Ausgabe 05 - 2007 berliner stadtzeitung
scheinschlag
 

 

Die hohe Schule der Dressur

Thomas Friedrich erzählt, wie sich Berlin
vom Nationalsozialismus instrumentalisieren ließ

Niemand hat Berlin radikaler verändert als er, hat Berlin als Bühne benutzt, Hunderttausende seiner Einwohner verfolgt, deportiert, ermordet, die Stadt einer flächendeckenden Zerstörung zugeführt. Und dennoch lag bislang keine Monographie zum speziellen Verhältnis von Hitler zu Berlin vor. Es ist eine geradezu bizarre Lücke in der umfangreichen Forschung zum Nationalsozialismus und zur Person Hitlers. Auch eine Gesamtdarstellung der NSDAP in Berlin sucht man vergeblich ­ lediglich eine Selbstdarstellung aus dem Jahr 1937 liegt in den Archiven: ein kitschiges Propagandamärchen, von der Partei selbst herausgegeben.

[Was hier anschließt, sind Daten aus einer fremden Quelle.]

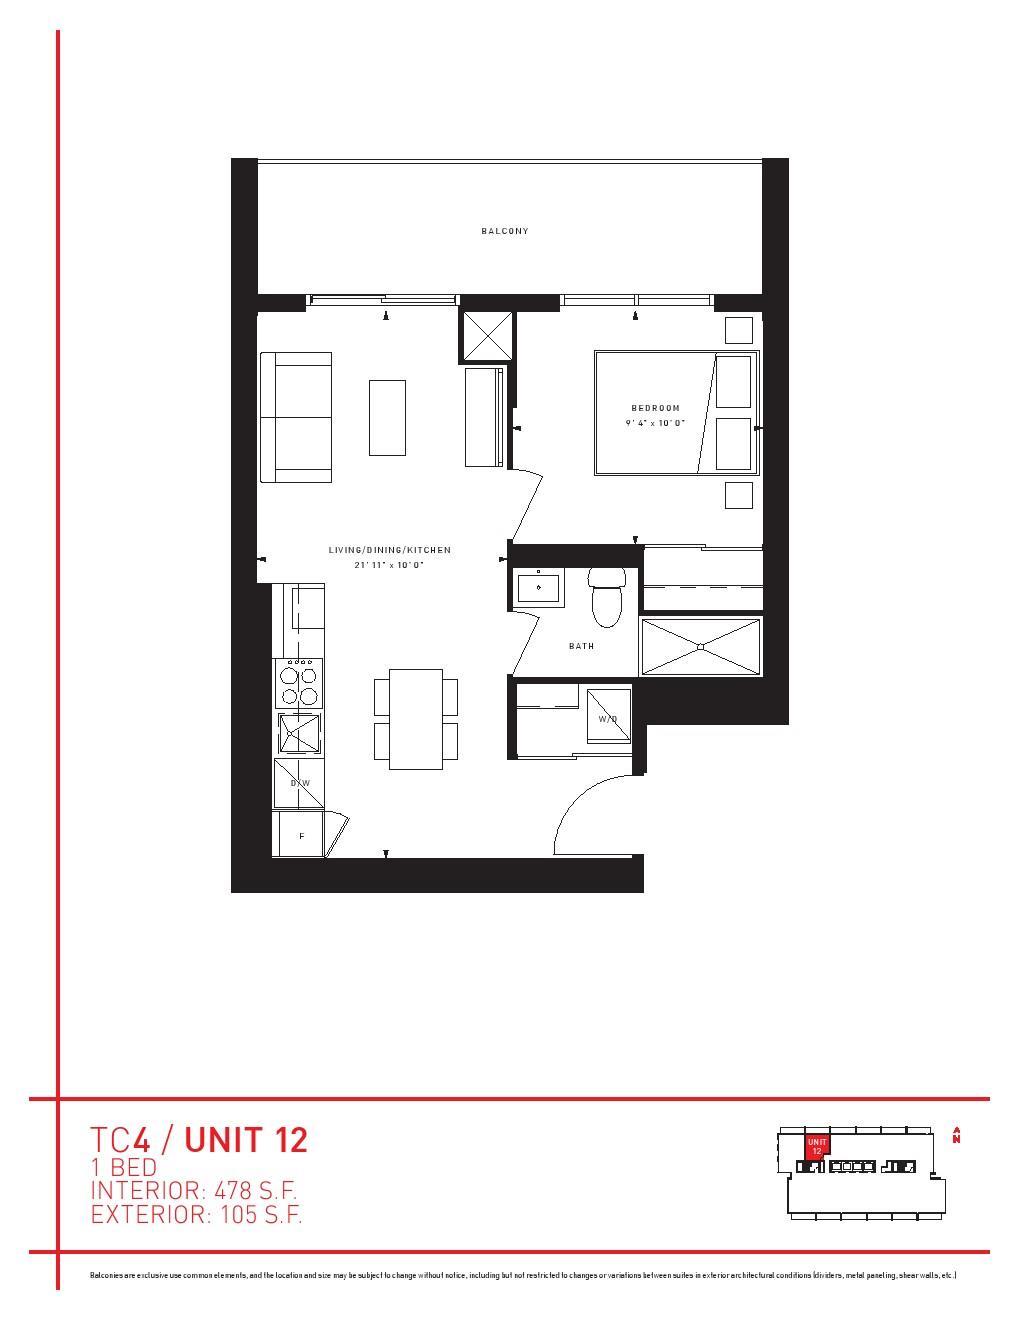 Transit City 4 Condos Floor Plans

Diese Leerstelle ist umso unerklärlicher, als die NSDAP, wie Friedrich schreibt, Berlin erst „erobern" mußte. Berlin war Experimentierfeld für neue Propagandastrategien, Probebühne nationalsozialistischer Rituale und Verfolgungsaktionen. In den 20er Jahren erprobte und verfeinerte Gauleiter Joseph Goebbels hier Inszenierungen, um diese schließlich auf das ganze Deutsche Reich anzuwenden. Aus einer sektiererischen Splitterpartei machte er eine machtvolle und hierarchisch organisierte Massenorganisation. Und so widmet sich auch der Hauptteil des Buches dieser „Experimentierphase". Die Zeit nach 1933 wird lediglich im letzten Kapitel verhandelt; Friedrich beanpsrucht auf den vorliegenden 400 Seiten nicht, diese Lücke umfassend und abschließend zu füllen.

Friedrich legt wert darauf festzustellen, daß er mit seinem Buch Berlin nicht etwa späte Gerechtigkeit widerfahren lassen möchte ­ auch wenn der Titel mißverstanden werden könnte: im Sinne früherer Deutungen, die die Stadt lediglich als Opfer einer braunen Verführungsmaschinerie verstanden, dessen eigentliches Wesen sich in der kosmopolitischen und avangardistischen Metropole der 20er Jahre verkörperte. Diese Interpretation ­ ebenso wie die des „Großstadtfeindes" Hitler ­ rechnet Friedrich den populären Geschichtsirrtümer zu.

In seinem Buch unternimmt er den quellensatten Versuch, das komplexe und widersprüchliche Verhältnis Hitlers zur Hauptstadt differenziert zu beschreiben und in insgesamt elf Phasen, von 1916 bis 1933 und danach, zu unterteilen. Jede dieser Phasen ergibt sich aus der Analyse der jeweiligen politischen Situation, in der Hitler „in und gegenüber Berlin agiert". Im Gegensatz zu zahlreichen Darstellungen, die psychologische Motive in den Mittelpunkt rücken, wird für Friedrich das politische Kalkül, eine rationale Strategie zum Machterwerb, das entscheidende Erklärungsmuster. Er nennt die Beziehung von Hitler zu Berlin zusammenfassend ein „instrumentelles Verhältnis".

Der Autor ist nicht mit dem Publizisten Jörg Friedrich zu verwechseln, der mit seinem Buch Der Brand über die Bombenangriffe auf deutsche Städte im Zweiten Weltkrieg die Opferdebatte in Deutschland maßgeblich anstieß. Thomas Friedrich ist Stadthistoriker, arbeitete viele Jahre als Projektleiter für die Berliner Topographie des Terrors und ist demnach gründlich mit der jüngeren Stadtgeschichte, insbesondere dem Nationalsozialismus, vertraut. Er schöpft aus einem breiten Wissen über diese Zeit und konnte viele Quellen erstmals für die Forschung erschließen. Daß dies mitunter auf Kosten der Lesbarkeit geschieht, ist schade. Streckenweise ist die historische Recherche so gründlich geraten, daß auch Details Exkurscharakter bekommen und man sich Ausführungen häufiger in den Anmerkungsapparat verbannt wünscht. Doch vielleicht macht auch genau dies den Reiz für stadthistorisch Interessierte aus. In jedem Fall wird das akribische Vorgehen dem Buch den Rücken stärken gegenüber einer engagierten und streitlustigen Fachwelt, die immer wieder neue Perspektiven auf unterbelichtete Aspekte entwickelt. Dieses Buch steht beispielhaft für diese fruchtbare Tradition. 

Henrik Flor

Thomas Friedrich: Die mißbrauchte Hauptstadt. Propyläen Verlag, Berlin 2007. 26 Euro.